Dual-Chan Gateway with Raspberry PI3 + Dragino Hat v1.4 and Downstream messages

@bauvill
I sent you a message with the sketch I used in the sensor for the test,
maybe he can help you.
Sorry for the comments lines in Italian

Do I need to make an application to have the gateway to be instructed to forward the messages it get? I made an application and when I register the same gateway it doe not show that it is connected whereas in the Gateway console it shows connected and the gateway does not show any traffic in the console.

Thank you, sir.

No, the gateway will always forward all messages to TTN.

My node is made based on RPI +DRAGINO and the LMIC library for repair the function LMIC_setError is not defined in the LMIC API. Do I need to implement it myself?
Maybe that is why it does not work.

It is actually in the LMIC library just most likely not the version you are using. I have come across this issue a couple times now within the last couple weeks. The LMIC library that is available just by searching through the Arduino IDE Manage libraries option does not have this code setup. Everyone here when they point you to a TTN - LMIC example are using the updated version that includes the ability to implement the setClockError “add” which means you’ll need to update your library files to the ones they are referring to.

Note: This is as far as I can tell from my own copy of the Arduino IDE

Is it present only in the LMIC library for Arduino?
Asking because I am not using Arduino but Raspberry Pi.
Thanks for the clarification though.

The simplest ways of checking that might just be to open up the LMIC files on your Pi and search if there is a MAX_CLOCK_ERROR set somewhere, in the Arduino libs it’s easy to see if it’s implemented or not in the LMIC.h file. So for the Pi if it’s using similar C++ files you should be able to find it. But if it’s not there, that’s not the only place there is probably a bit of code missing relating to that issue which means you might have to do some digging.
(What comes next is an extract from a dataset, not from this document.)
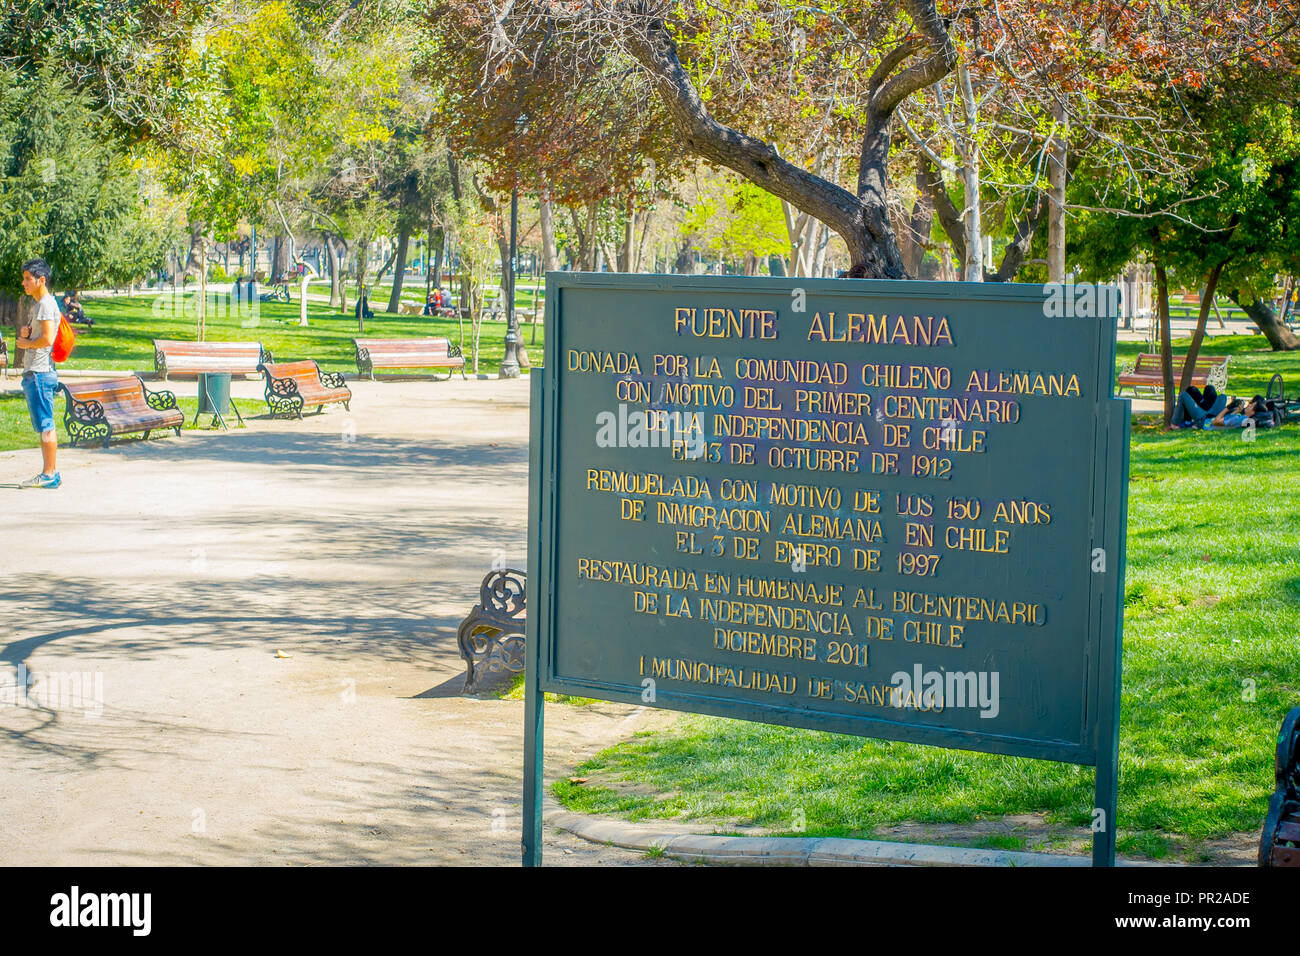 SANTIAGO, CHILI - 13 septembre 2018 : vue extérieure de l'information signe de description de fontaine allemande dans une structure métallique dans le parc Forestal situé à Santiago, capitale du Chili Banque D'Images

Also this clock Error issue is one that is very much more rooted in the Arduino side of things and not the Raspberry Pi (though the different versions have their own issues) because it’s been implemented to check the timing crystal and it’s variations used in the official and ‘off-brand’ versions of their boards.

@bauvill
raspberry for the gateway, what do you use as a sensor?

I am using RPI 3B + dragino HAT V1.4 running the dual_chan_pkt_fwd ( as Batigolle described in his post related to this topic), as of the end-device ( Lora node) same components ( RPI 3B +Dragino HAT V1.4) are used. It is to be noted that my end device runs the ABP LMIC v1.6 version from ( https://github.com/wklenk/lmic-rpi-lora-gps-hat/blob/master/examples/periodic/main.c). I will give you more details or screenshots of my code, logs of my end device and gateway in the next post.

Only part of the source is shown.